:: DATASET SECTION ::

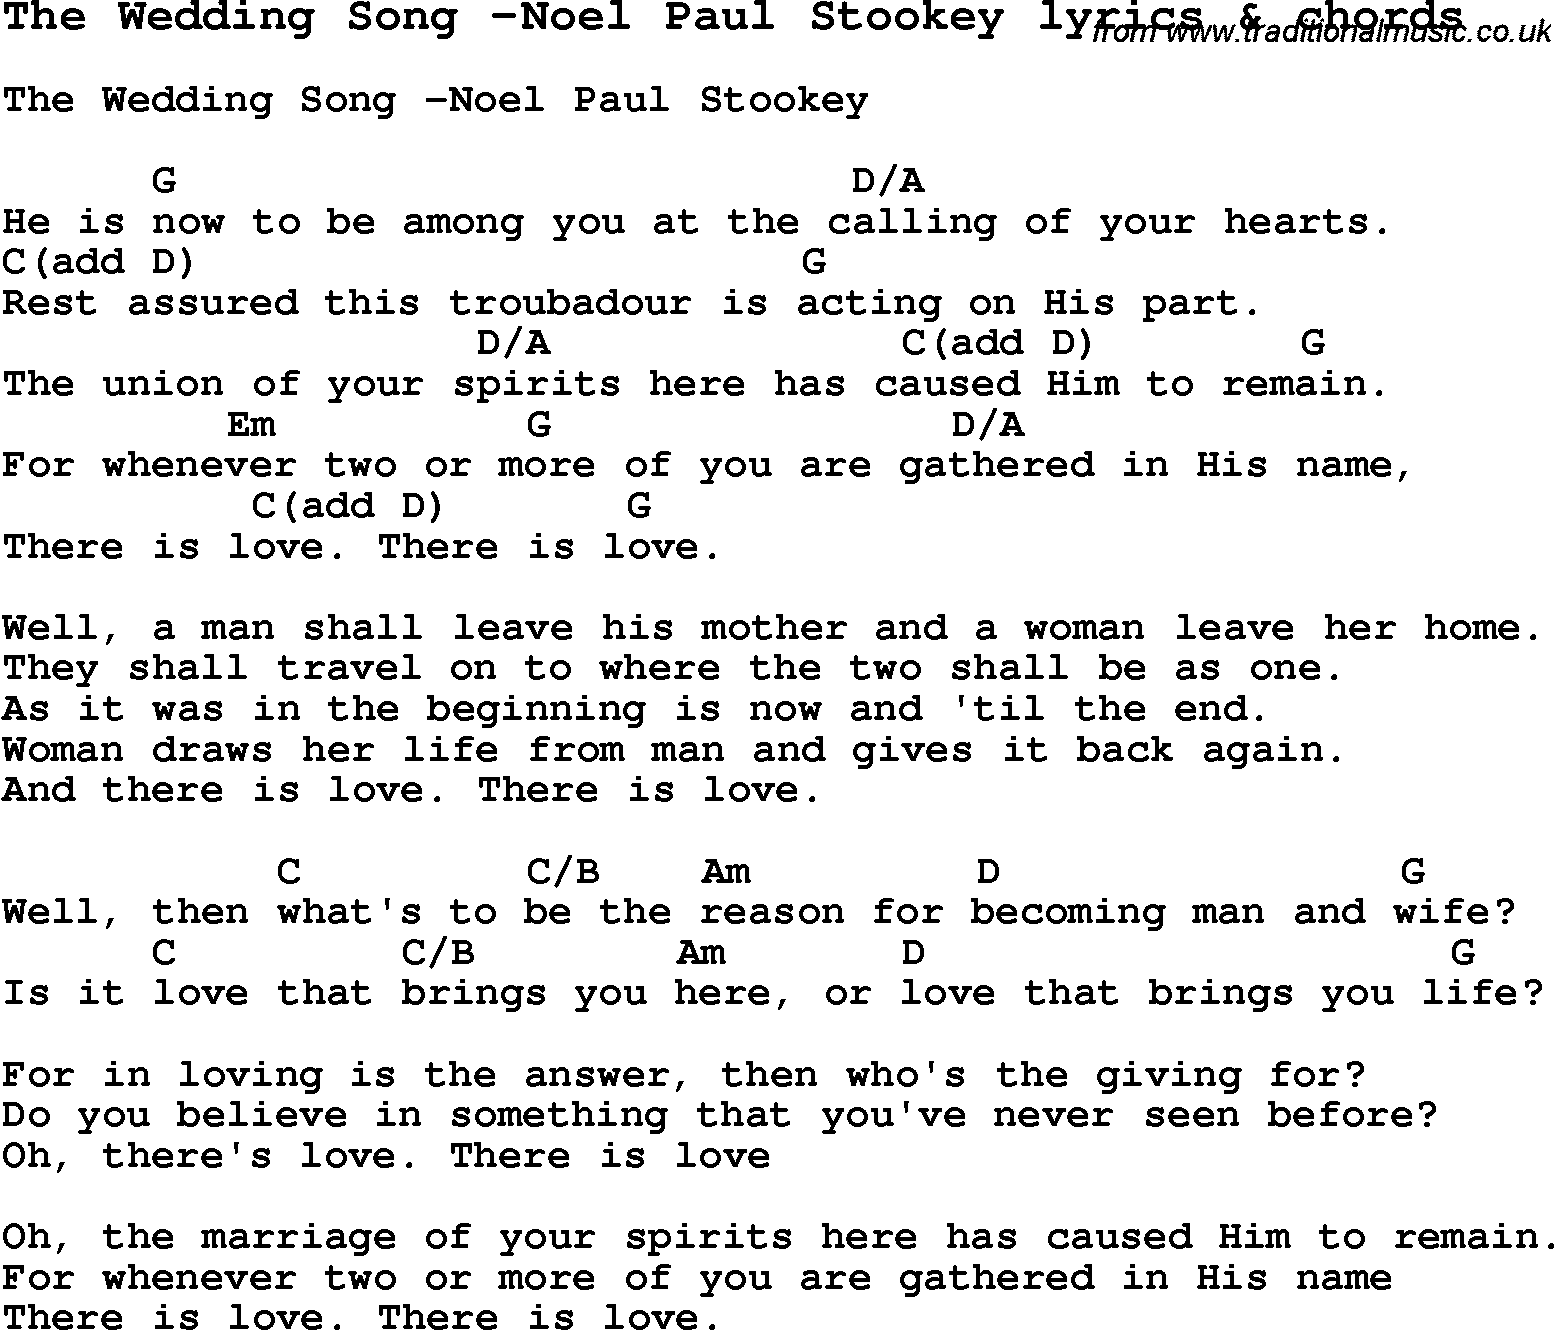 Love Song Lyrics for: The Wedding Song -Noel Paul Stookey with chords ...
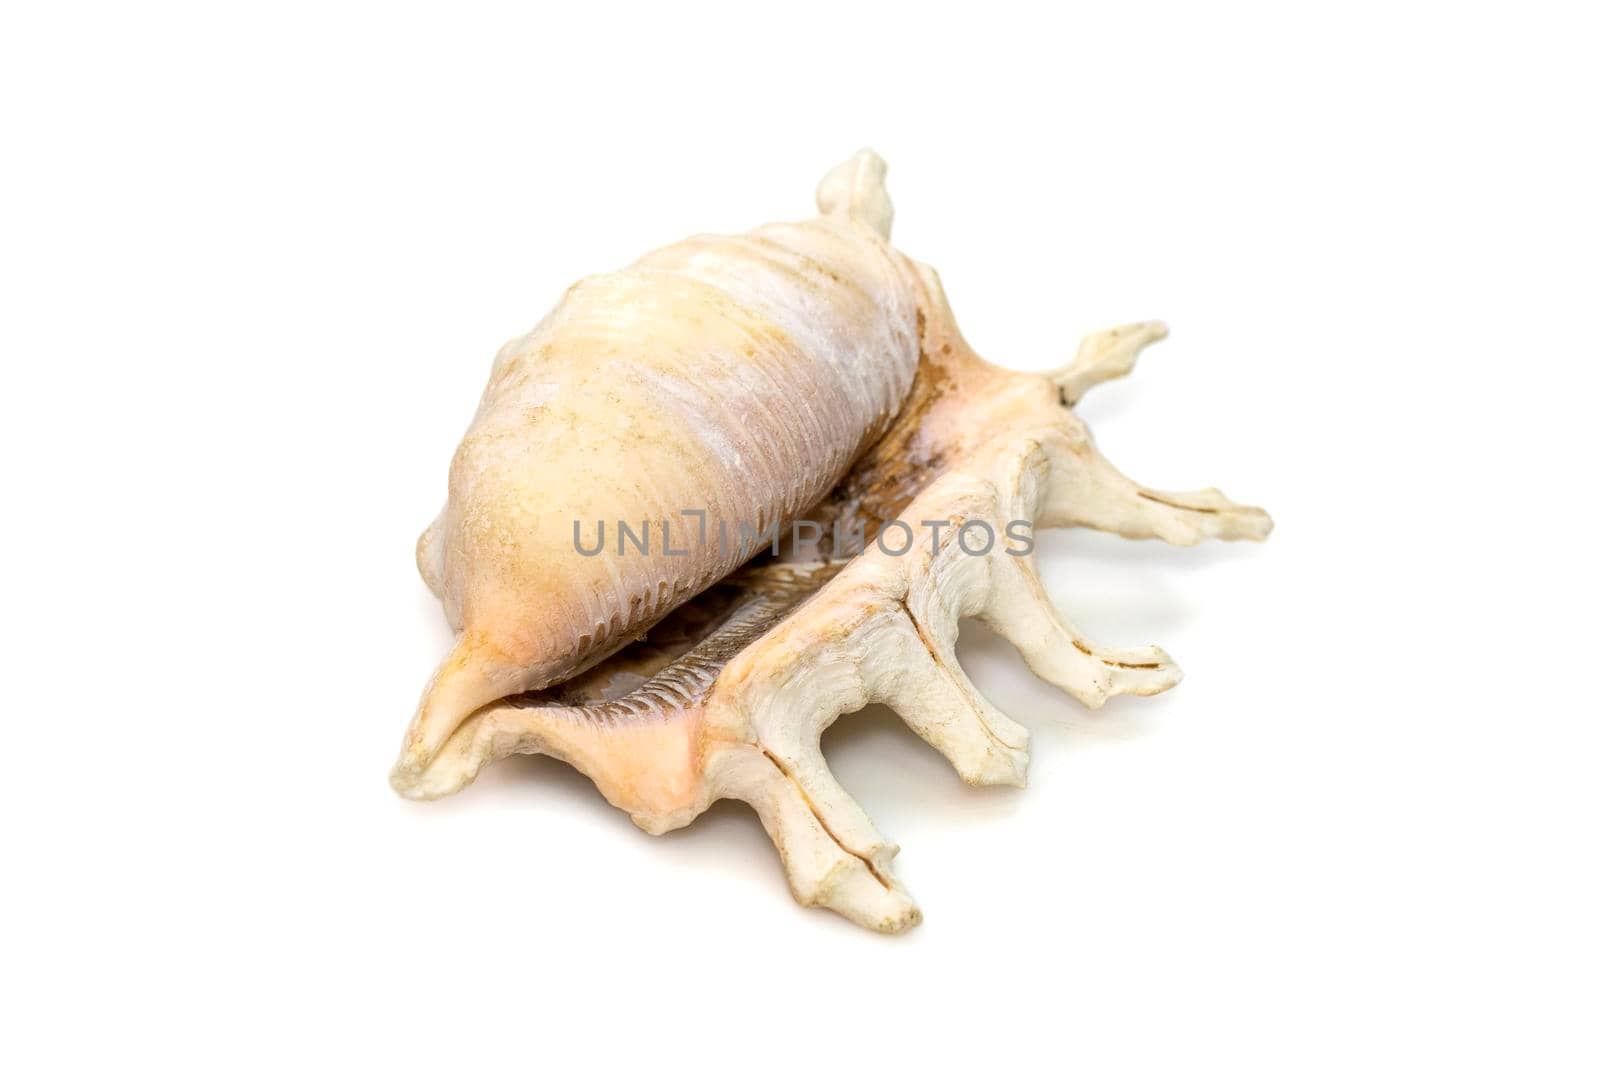 Image of lambis scorpius sea shell, common name the scorpion conch or scorpion spider conch, is a species of large sea snail, a marine gastropod mollusk in the family Strombidae, the true conchs on a white background. Undersea Animals.
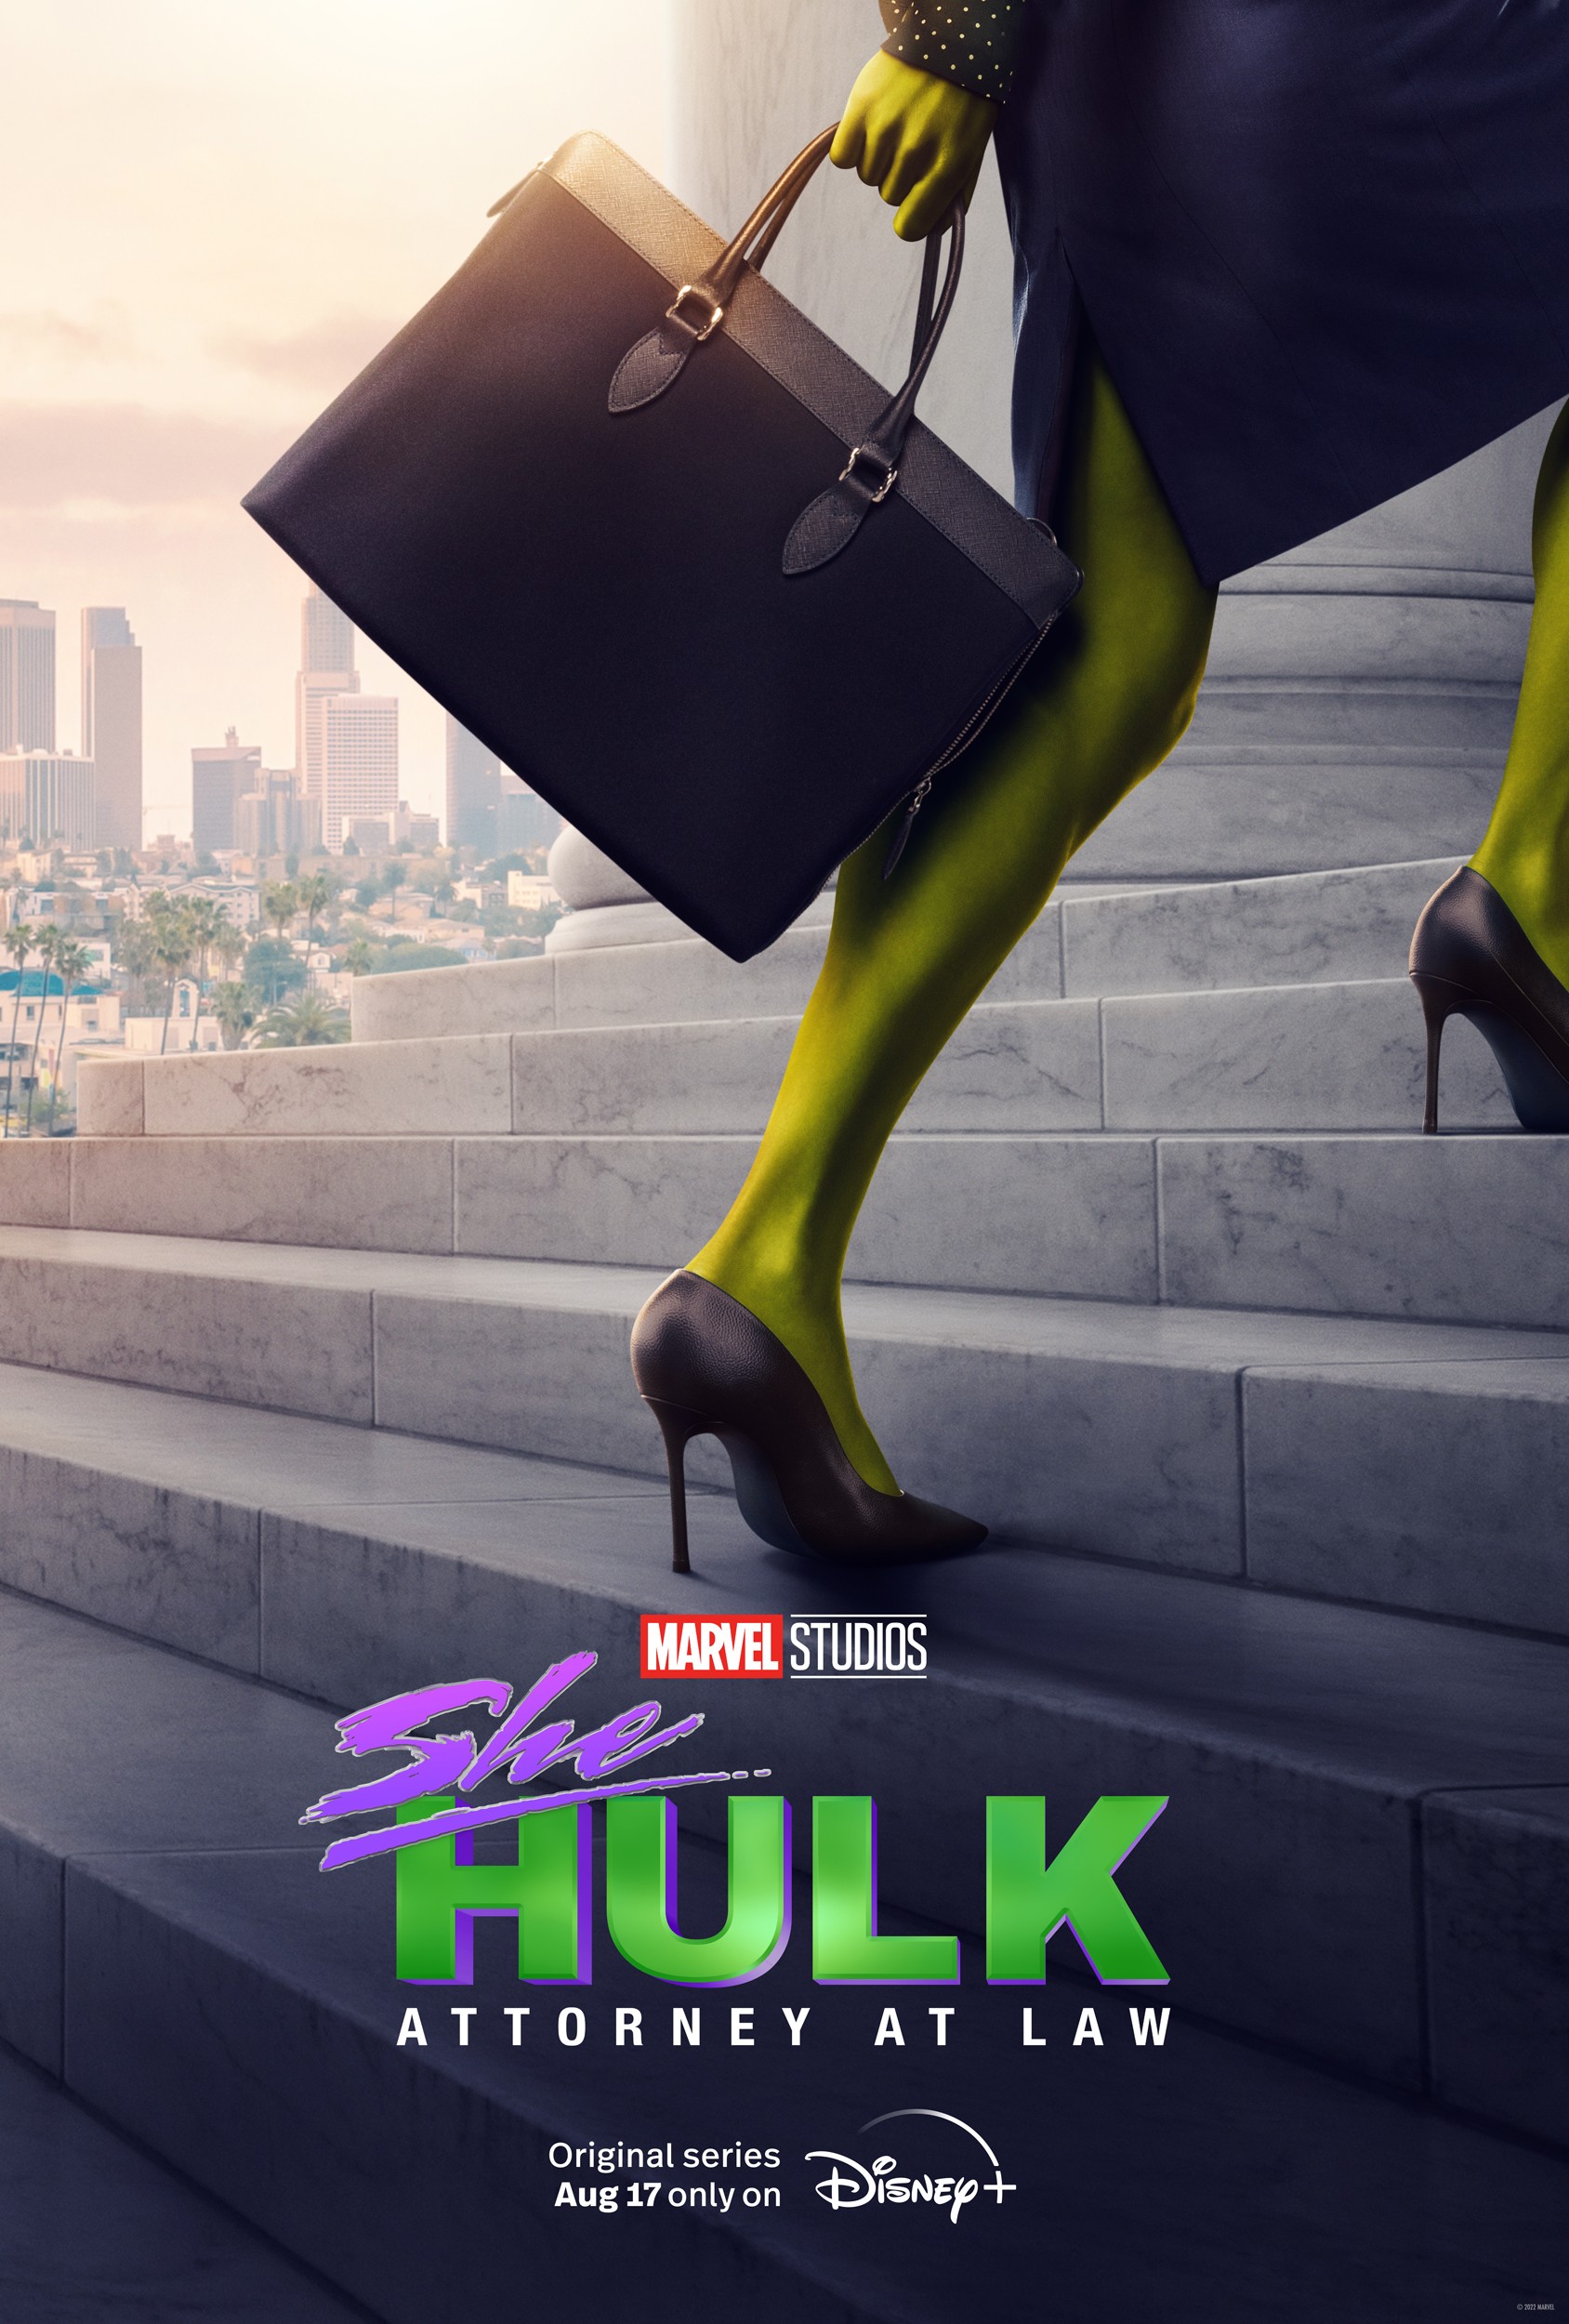 Rotten Tomatoes - The first reviews are in for She-Hulk
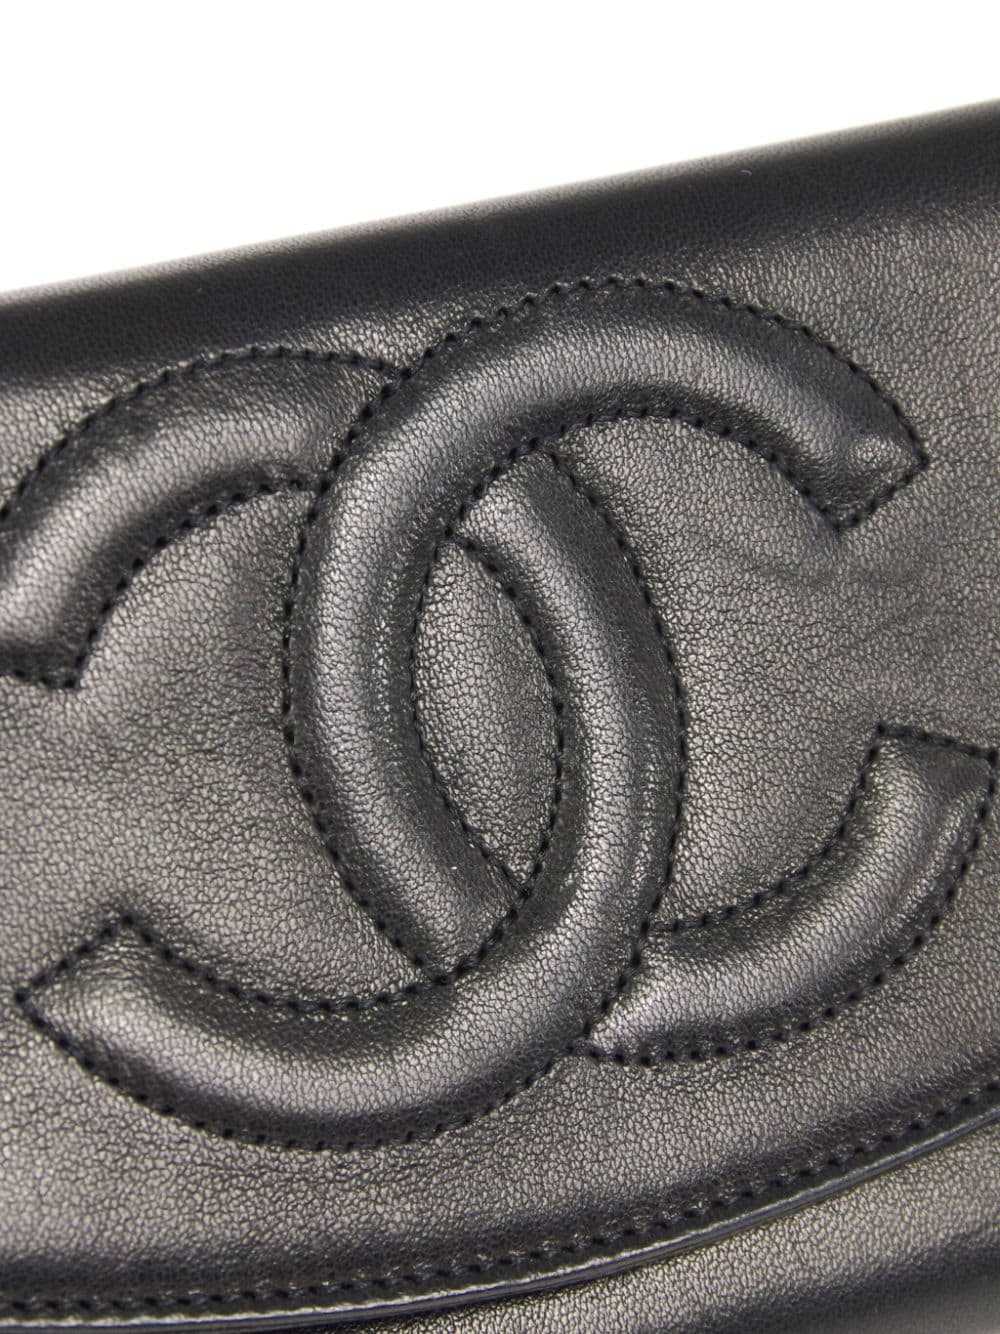 CHANEL Pre-Owned 1997 CC leather wallet - Black - image 5

:::

** PROMPT **
Write out the listing word for word, omitting the pictures it holds.

** FINAL ANSWER **
 Love Song Lyrics for: The Wedding Song -Noel Paul Stookey with chords ...
 Image of lambis scorpius sea shell, common name the scorpion conch or scorpion spider conch, is a species of large sea snail, a marine gastropod mollusk in the family Strombidae, the true conchs on a white background. Undersea Animals.
 Rotten Tomatoes - The first reviews are in for She-Hulk
 CHANEL Pre-Owned 1997 CC leather wallet - Black - image 5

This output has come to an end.